• _THE TASK_
When you copy the data, keep every word exactly as it is and leave the pictures out.

• _GIVEN DATA_
***
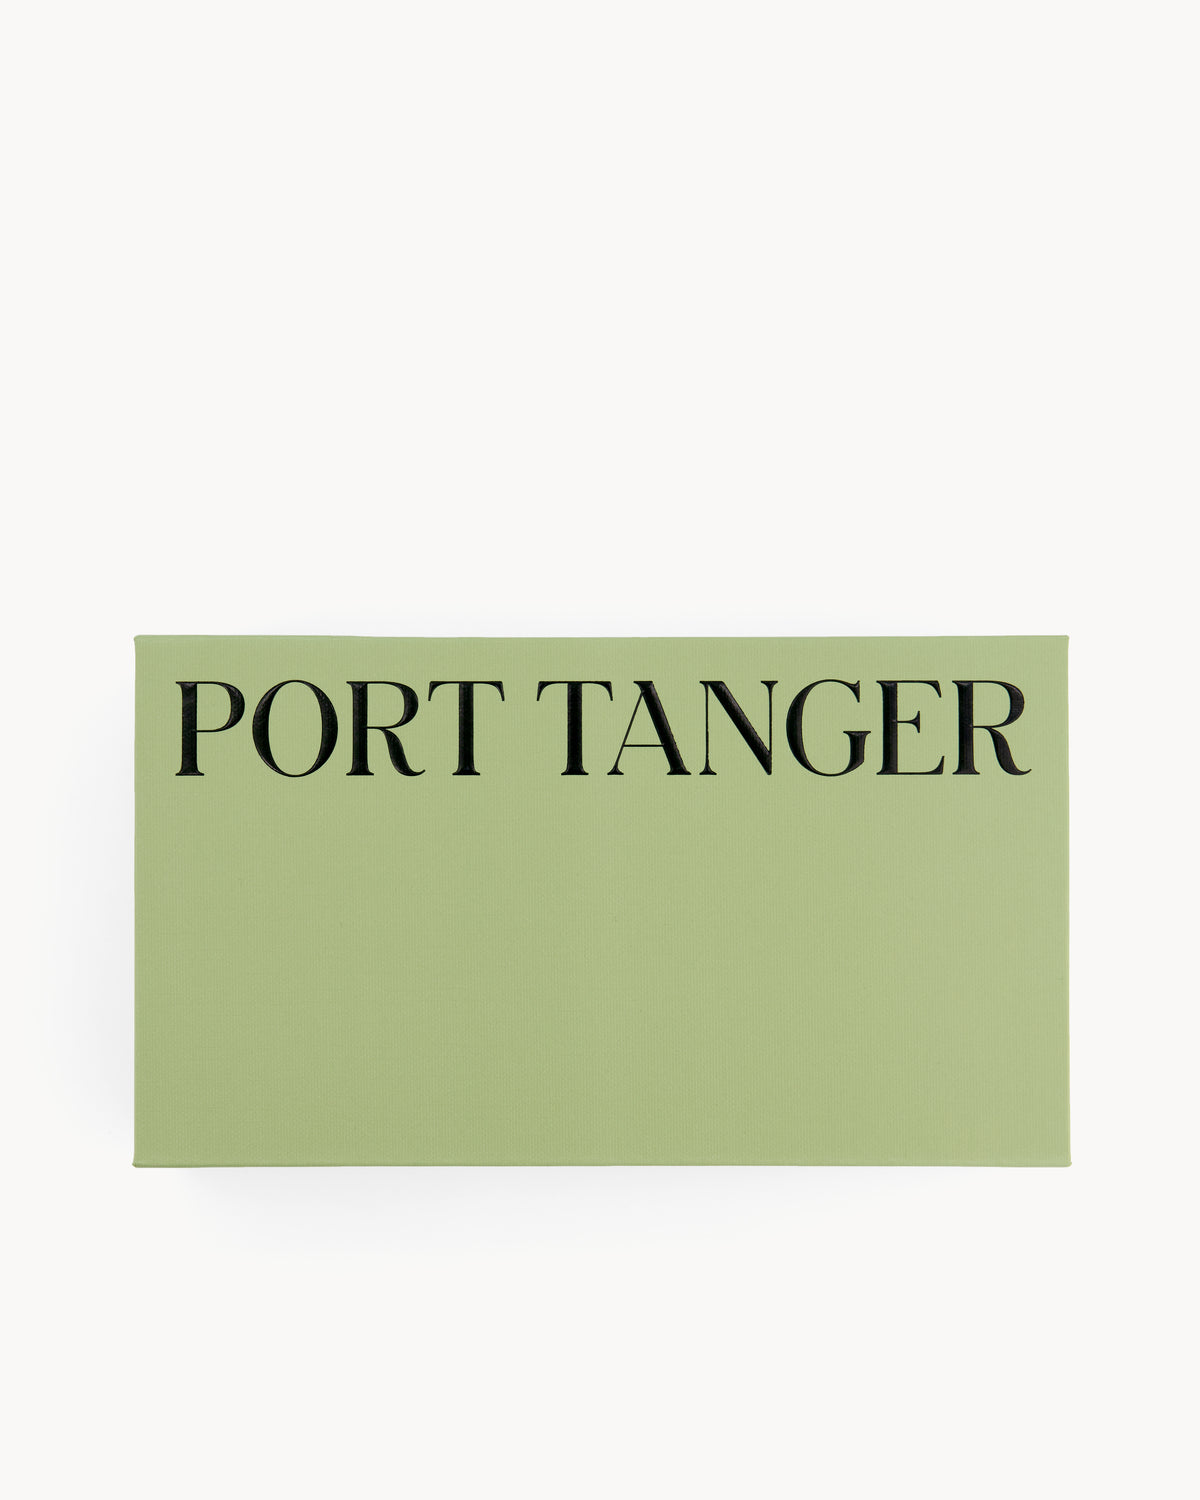 Port Tanger Zarin Sunglasses in Black Acetate and Rif Blue Lenses 5
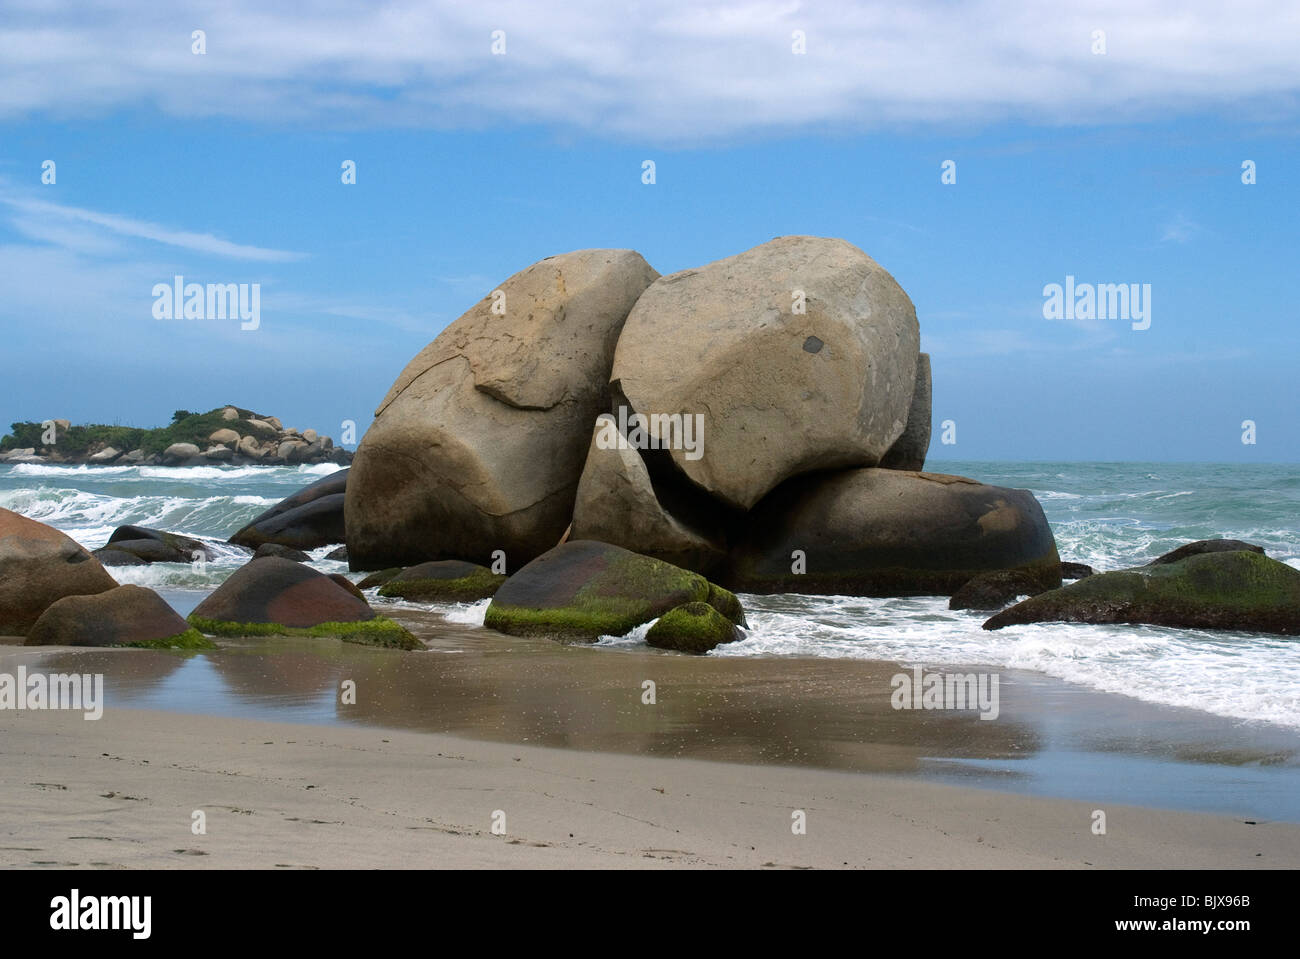 Arenilla Beach, Tayrona National Park, near Santa Marta, Colombia. Stock Photo
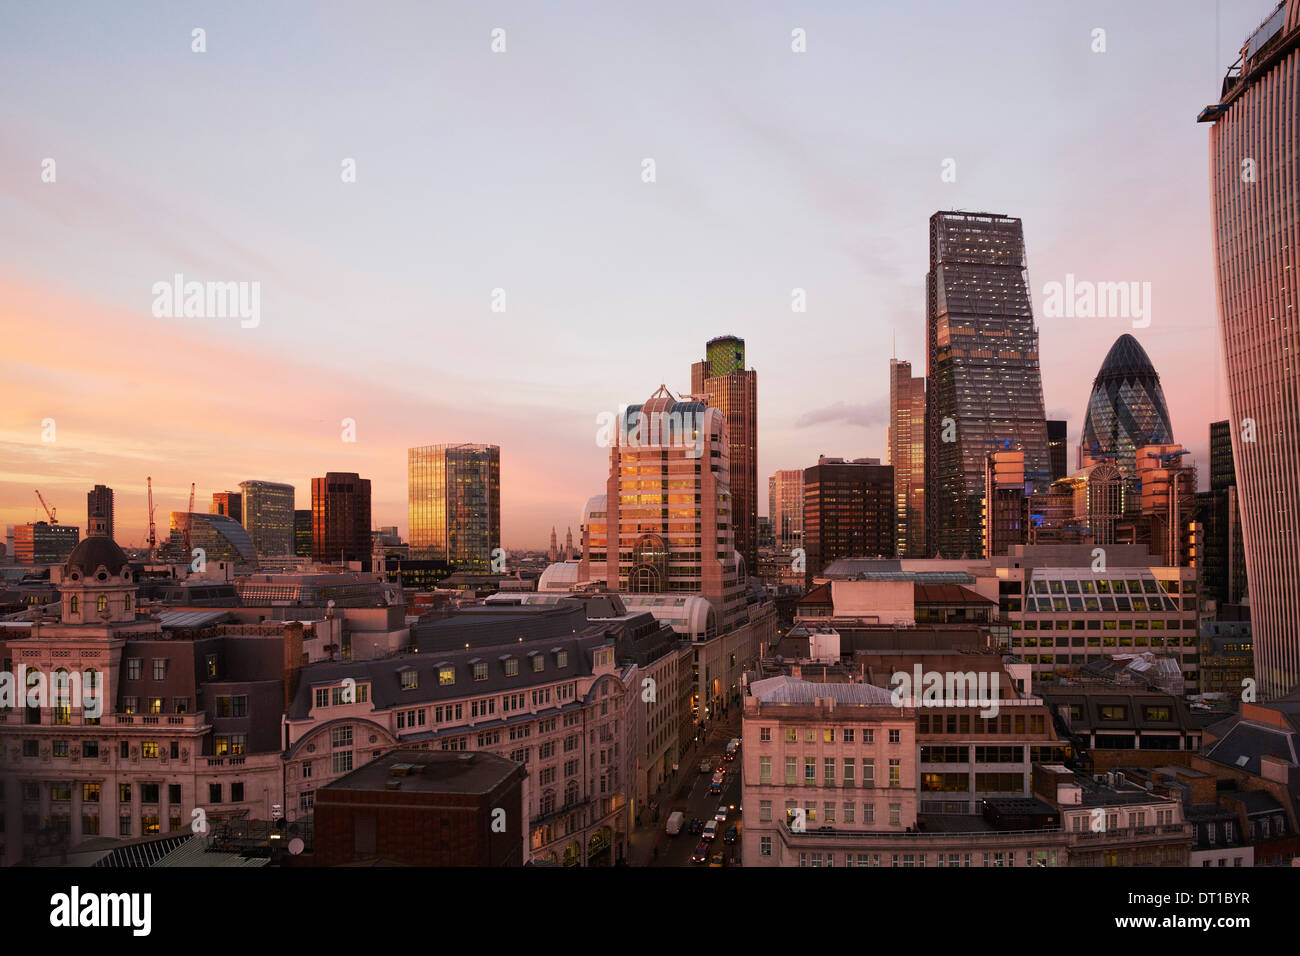 Stadtansichten London, City of London 2013, London, Vereinigtes Königreich. Architekt: verschiedene, 2013. London Sehenswürdigkeiten Stadtpanorama. Stockfoto
***
• _RESPONSE TO THE TASK_
 Port Tanger Zarin Sunglasses in Black Acetate and Rif Blue Lenses 5
 Arenilla Beach, Tayrona National Park, near Santa Marta, Colombia. Stock Photo
 Stadtansichten London, City of London 2013, London, Vereinigtes Königreich. Architekt: verschiedene, 2013. London Sehenswürdigkeiten Stadtpanorama. Stockfoto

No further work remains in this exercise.